History of Bluff Shoal Lighthouse

Published 6:56 pm Wednesday, September 10, 2014

Bluff Shoal Lighthouse

Bluff Shoal Lighthouse

By JOAN SEARS

For the Daily News

When counting North Carolina’s lighthouses of past and present, many do not think of a lighthouse off the mainland of Hyde County in the Pamlico Sound, but a lighthouse was built at Gull Shoal in 1891. It was manned by Benjamin Cox for 15 years before he operated the Laurel Point Lighthouse of Albemarle Sound of Tyrrell County. Ben Cox was also the leader in getting the road from Hyde to Tyrrell County built. No wonder, with all those years watching over ships having to do all of the transports in our area!

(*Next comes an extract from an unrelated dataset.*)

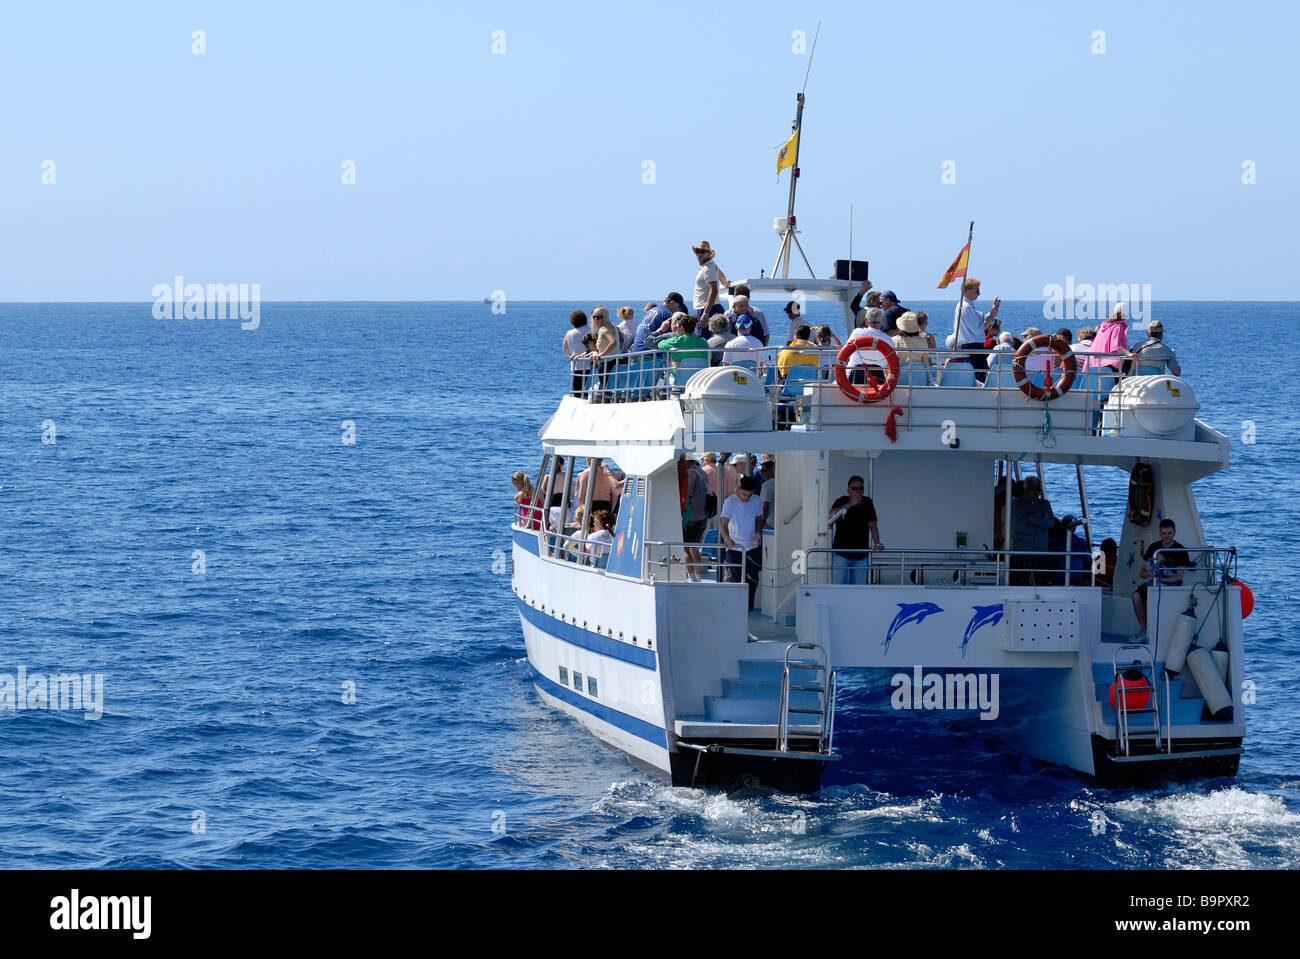 Die Exciment unter den Touristen auf dem Delphin Suche Boot. Puerto Rico, Gran Canaria, Kanarische Inseln, Spanien, Europa. Stockfoto

The Gull Shoal lighthouse was one of 30 small lighthouses guarding North Carolina’s inlets and sounds in the late 19th century. It was located 4 miles off Bluff Point near Gull Shoal between Gull Rock and Swanquarter. The Pamlico Sound, with a depth of only 20 feet or less, was treacherous for sail and steamers, especially when carrying heavy cargo. Sunken sandbars and shifting shoals were treacherous in normal weather but also had to be navigated in choppy waves.

Gull Shoal was one of the most treacherous of the Pamlico’s shoals during the late 1800’s. When a U.S. Coast and Gedetic Survey schooner, Scoresby, struck in 1887, Congress authorized the light in 1889. The Lighthouse was completed in 1891 and remnants of the screw pilings remained almost a hundred years later. Many remember the old pilings as a great puppy drum fishing hole in the 1980s.